I must confess that the known results of my own breeding among the elepidotes, as they have survived the flood and their treatment at alien hands, does not offer much evidence in support of my breeding theories, outside the Ridgewood hybrids. I have, however, the entire experience of Joseph B. Gable to fall back on, both from observation of his plants and from his many letters. Reviewing what I have learned, common sense tells me that the best course to follow is the one that led to my best success.
The Ridgewood hybrids are certainly an extraordinary lot. I forget how many seedlings there were, but not over 300, virtually all hardy as plants, though some do not carry their buds too well in severe winters. Of 34 which Mr. Leach saw in bloom, he asked for cuttings of 4, and I believe eventually took more than that. At least two others are worth naming and propagating. I have two from another source, which I am propagating, and Hardgrove has 'Beatrice Pierce', which unfortunately does not propagate well, and another which does.
All these were (decorum X griffithianum) X 'Kettledrum', 'Charles Dickens' and 'Chas. Bagley'. Mr. Leach explains away the unusual results of this cross more easily than I can.

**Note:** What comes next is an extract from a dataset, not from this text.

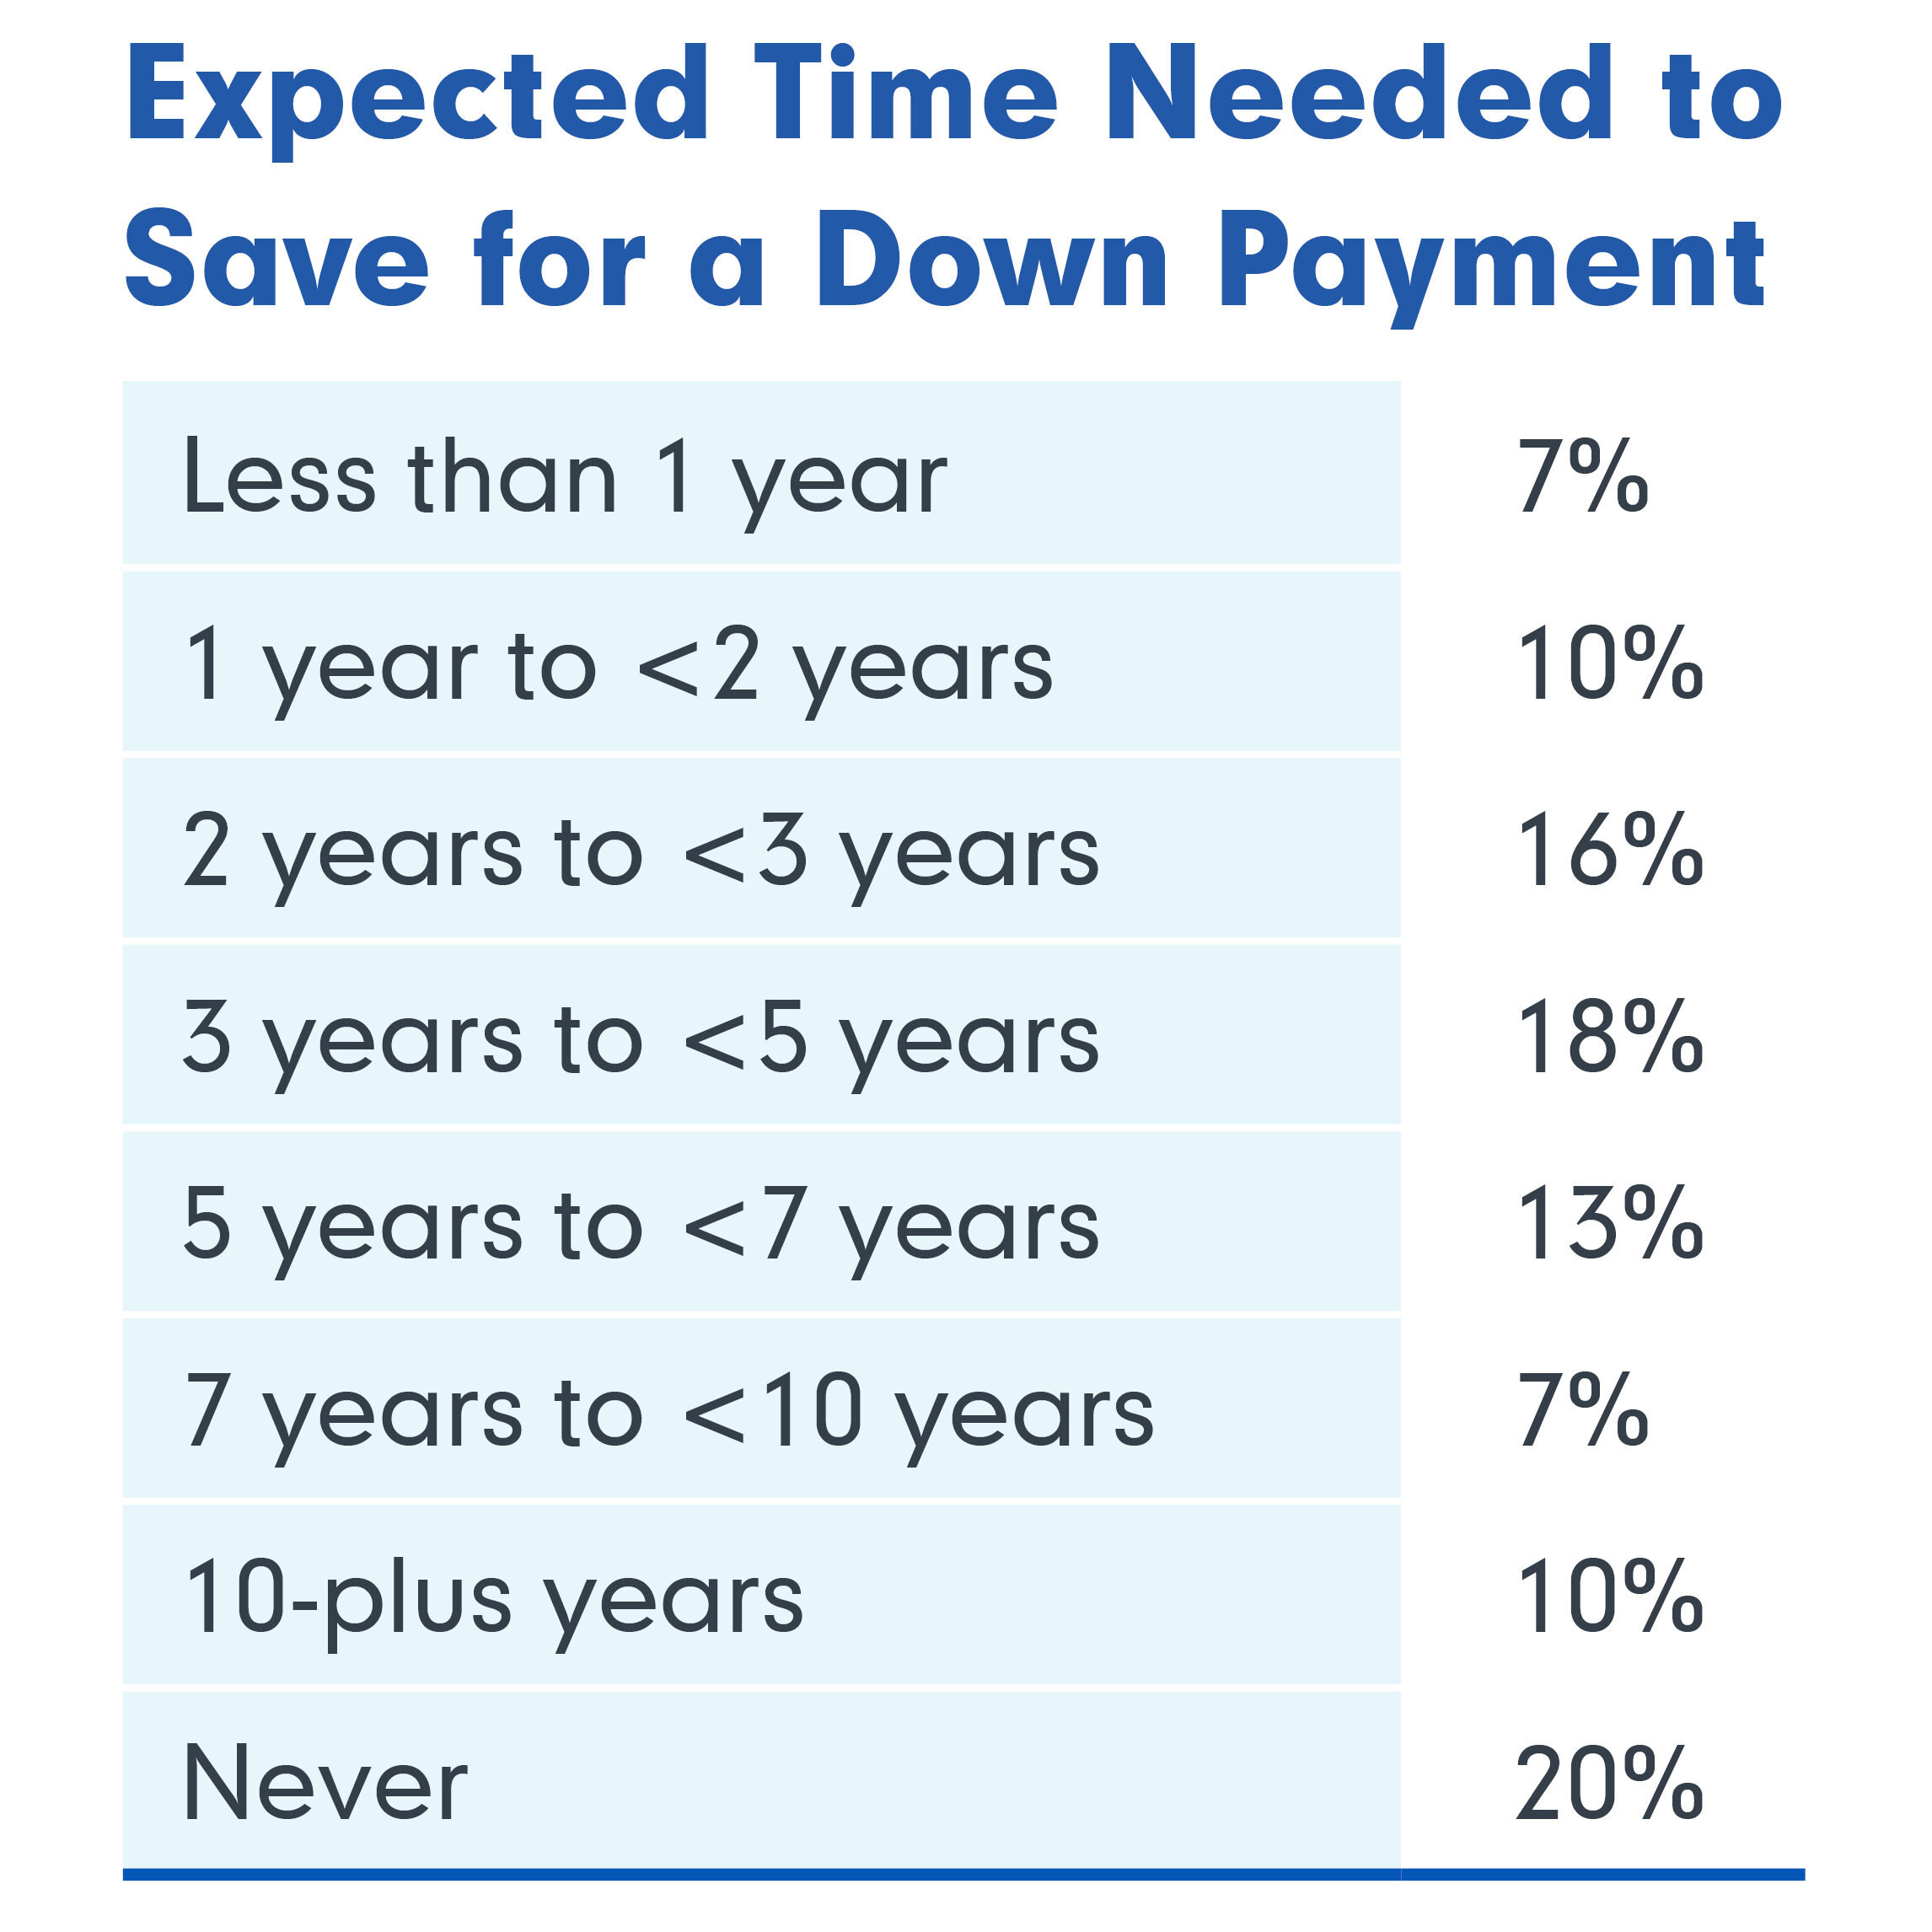 Expected time needed to save for a down payment: Less than 1 year - 7%; 1 year to less than 2 years - 10%; 2 years to less than 3 years - 16%; 3 years to less than 5 years - 18%; 5 years to less than 7 years - 13%; 7 years to less than 10 years - 7%; 10-plus years - 10%; Never - 20%.

R. decorum kills outright the first winter in this climate, while R. griffithianum is still tenderer. The cross killed to the ground the winter after it had seeded, its first in the open, but when in midsummer it put up a shoot from the root, it was repotted, and wintered thereafter in a pit. The fact that with three hardy hybrids it gave all hardy seedlings, indicates that either this was an exceptional parent, or if these same hybrids were crossed with other similar crosses between tender species, like hardy results could be expected.
The breeding of this plant of decorum X griffithianum is open to suspicion. I cannot remember where I got the plant, but no doubt it came from Gable, either as a plant or as seed from Magor in England. Certainly decorum is one of the parents, because its influence is clearly apparent in nearly all the offspring. With equal certainty I can say that its foliage was nothing like decorum, but neither was it what could be expected from a cross with griffithianum. The fact that it flowered copiously when about two feet high would further remove the likelihood of griffithianum blood.
Used subsequently with 'Kettledrum' it gave another fine deep rose form of which I have rooted cuttings, and with 'Purpureum Elegans' a pale violet with very large flowers which I have not seen, but which Gable describes in glowing terms. I do not remember what became of the original parent plant and do not know whether it is still alive. It went under the name 'Dorothea', according to the British rule. If it has a present owner, I should like to secure cuttings of it.
I do not believe there is any rule in genetics which would forbid this advice to breeders. When you have made a successful cross, or have positive knowledge of how one was made, try as many similar crosses as you can think of with both parents separately, and try the same parents again. I am not scoffing at scientific formulae for all my life I have studied science in many of its forms and phases, and have made small contributions to it here and there, but I think the imagination of an artist will prove more potent in this field than the findings of a microscope.